Most of Cupid’s powers were unable to work in the cell—his mother had warded against that—but there was something he had not tried. He whispered to the tiny insect in his godly voice, and its black body gave a tremor before climbing quickly out of sight, and down the side of the tower room. Cupid watched avidly, listening for sounds of his mother, but she was not nearby. To his complete joy, thousands of black ants climbed the walls of the storehouse, entering through the windows, and began to make quick work of separating the grains. He watched as Psyche leapt to her feet in surprise. Once she realized they were helping, she crouched down again and continued working, as well.

Yes, he thought, go, go, go!

As night began to fall, Psyche collapsed onto the floor, holding her face as the ants receded out of sight, finally finished with their task. Cupid, who had been restless the entire time, also slid down to sit, laughing with relief.

Psyche

I had never been more nervous. Though the task was complete, and Venus had given no rule against receiving help, I feared she would not honor my win. I stood pacing until she stepped into the room, candles sputtering to life along the walls. I dropped to my knees as I beheld the goddess, crowned with a rose garland, smelling of sweet balm. Her expression of smugness dissolved into shock and anger as her eyes darted around the room.

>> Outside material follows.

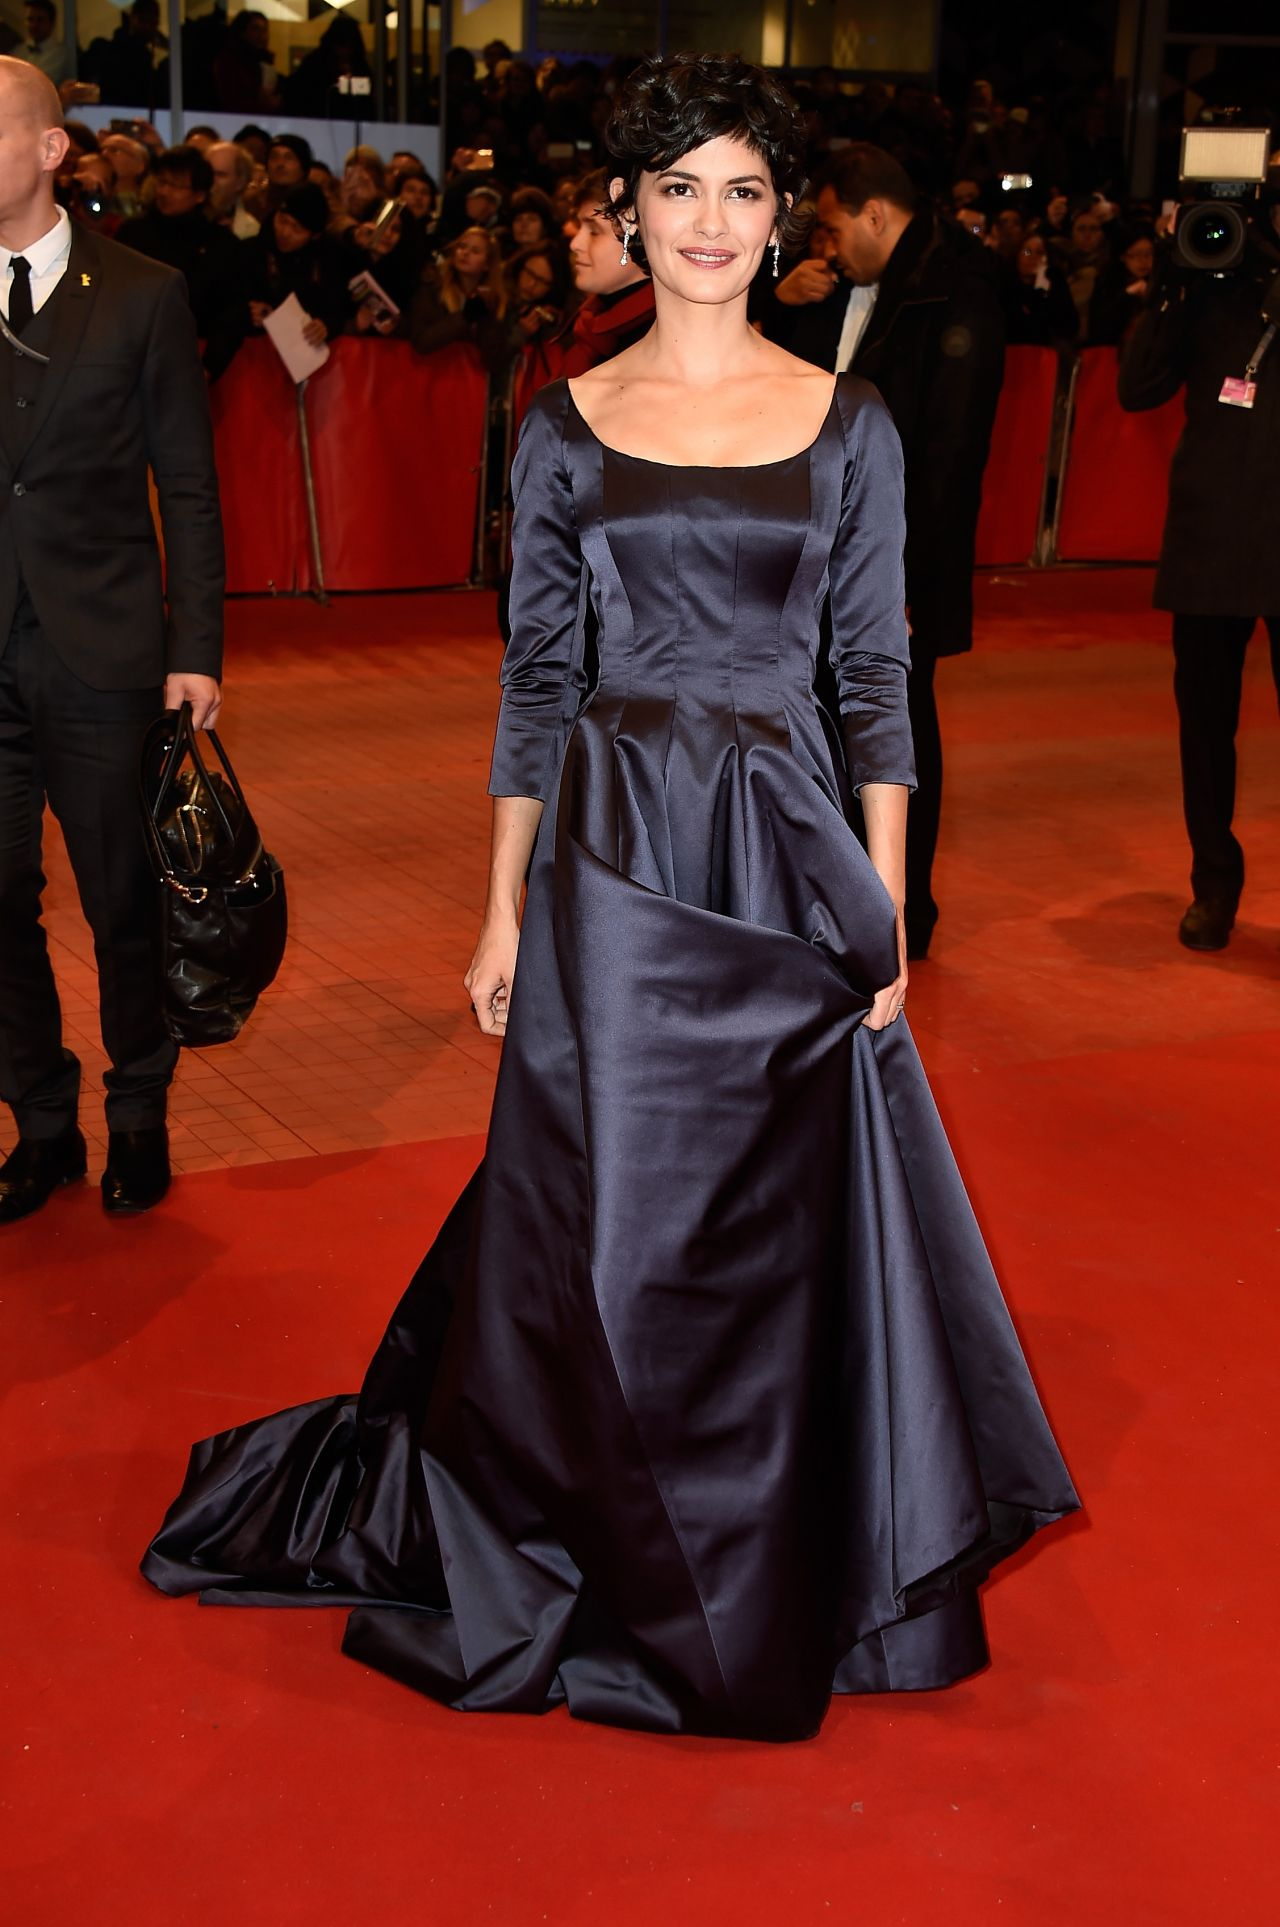 Французские знаменитости - Страница 5 Juliette-binoche-nobody-wants-the-night-premiere-at-2015-berlinale-international-film-festival_5

“I see,” she said. “Who came to help you?”

“No person came, goddess.”

“Was it Zephyr? Sneaky little wind god?”

“No, goddess. I swear it.”

Venus breathed quickly, peering about for something, anything, out of order, but all was pristine.

“You think yourself clever, do you?” She glared down at me. “You and my son?”

“No, high one. Truly, I am not.”

“We shall see.”

The goddess reached into a fold of her dress and took out a small, dark hunk of bread, which she tossed hard at me. Then she flicked a finger and a wooden cup of cloudy water appeared on the ground.